To solve the problem step by step, we can follow this approach: ### Step 1: Understand the relationship between jumping height and gravitational acceleration When a boy jumps, he converts his kinetic energy into gravitational potential energy.

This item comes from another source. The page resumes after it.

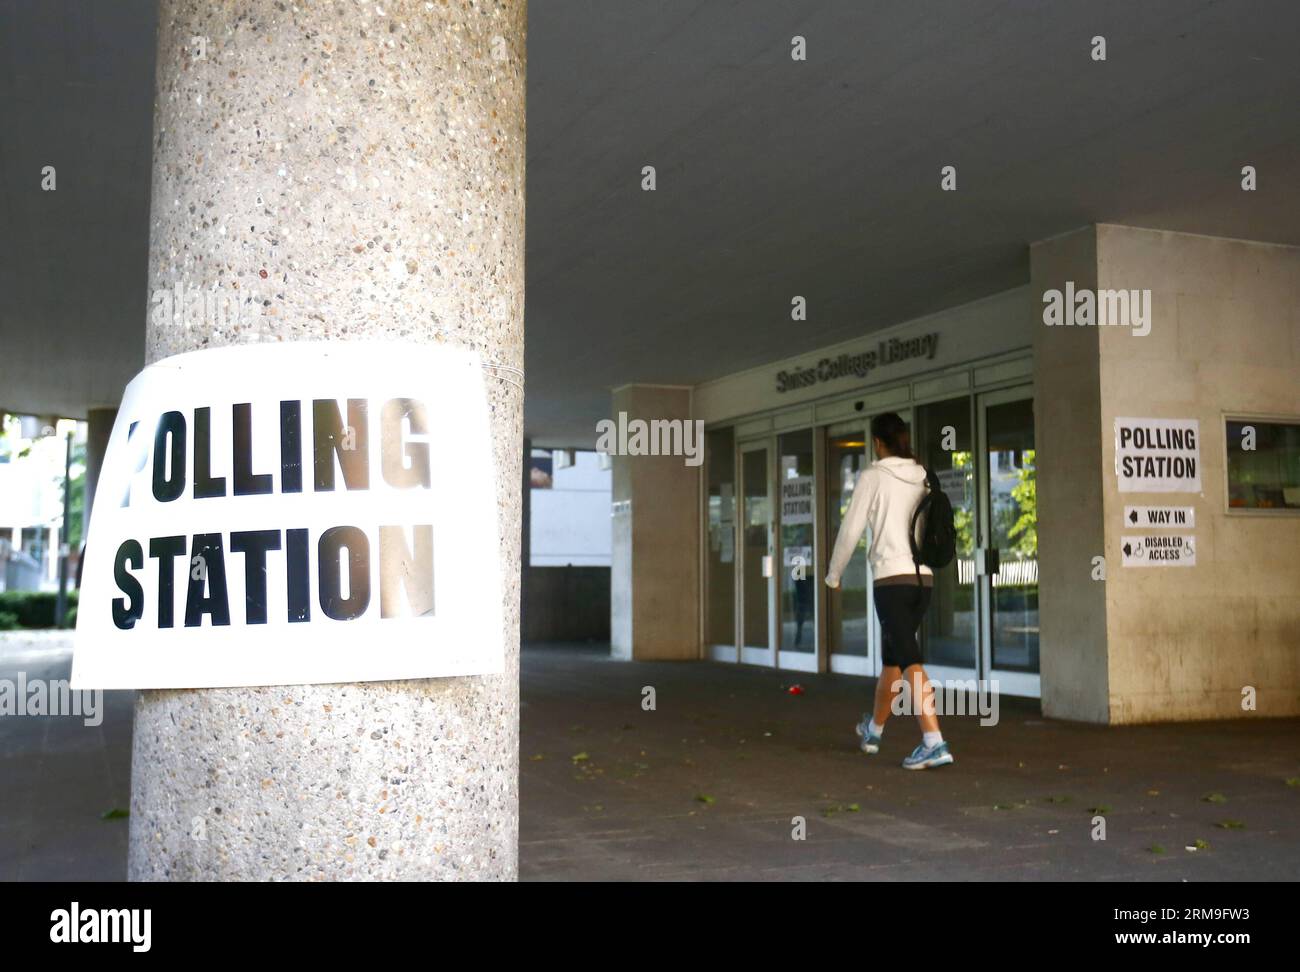 (140522) -- LONDON, May 22, 2014 (Xinhu a) -- A resident walks past a polling station in London, Britain, May 22, 2014. European parliamentary elections kicked off on Thursday. (Xinhua/Yin Gang) BRITAIN-LONDON-EUROPEAN PARLIAMENT ELECTIONS PUBLICATIONxNOTxINxCHN   London May 22 2014 Xinhu a a Resident Walks Past a Polling Station in London Britain May 22 2014 European Parliamentary Elections kicked off ON Thursday XINHUA Yin Monitoring Britain London European Parliament Elections PUBLICATIONxNOTxINxCHN Stock Photo

The potential energy at the height \( h \) is given by: \[ PE = mgh \] where \( m \) is the mass of the boy, \( g \) is the acceleration due to gravity, and \( h \) is the height he can jump. ### Step 2: Set up the equation for both Earth and the planet For Earth, we have: \[ m g_e h_e \] For the planet, we have: \[ m g_p h_p \] Since the boy is making identical efforts, we can set these two equations equal to each other: \[ m g_e h_e = m g_p h_p \] The mass \( m \) cancels out, leading to: \[ g_e h_e = g_p h_p \] ### Step 3: Find the ratios of gravitational acceleration The gravitational acceleration \( g \) can be expressed in terms of density and radius: \[ g = \frac{G M}{R^2} \] where \( M \) (mass) can be expressed as \( \text{Density} \times \text{Volume} \). For a sphere, the volume \( V \) is given by: \[ V = \frac{4}{3} \pi R^3 \] Thus, the mass \( M \) becomes: \[ M = \rho \cdot \frac{4}{3} \pi R^3 \] Substituting this into the equation for \( g \): \[ g = \frac{G \cdot \rho \cdot \frac{4}{3} \pi R^3}{R^2} = \frac{4}{3} \pi G \rho R \] So, we can write: \[ g_e = \frac{4}{3} \pi G \rho_e R_e \quad \text{and} \quad g_p = \frac{4}{3} \pi G \rho_p R_p \] ### Step 4: Use the given ratios We are given: - The ratio of the mean densities: \( \frac{\rho_p}{\rho_e} = \frac{5}{2} \) - The ratio of their radii: \( \frac{R_p}{R_e} = \frac{4}{5} \) ### Step 5: Substitute the ratios into the gravitational acceleration equations Using the ratios, we can express \( g_p \) in terms of \( g_e \): \[ \frac{g_p}{g_e} = \frac{\rho_p R_p}{\rho_e R_e} = \frac{\frac{5}{2} \cdot \frac{4}{5}}{1} = \frac{2}{1} \] This means: \[ g_p = 2 g_e \] ### Step 6: Substitute the known height from Earth We know that the boy can jump \( h_e = 5 \) m on Earth. Now we can find \( h_p \): \[ g_e h_e = g_p h_p \implies g_e \cdot 5 = (2 g_e) h_p \] Dividing both sides by \( g_e \) (assuming \( g_e \neq 0 \)): \[ 5 = 2 h_p \implies h_p = \frac{5}{2} = 2.5 \text{ m} \] ### Final Answer: The height to which the boy can jump on the planet is \( 2.5 \) meters. ---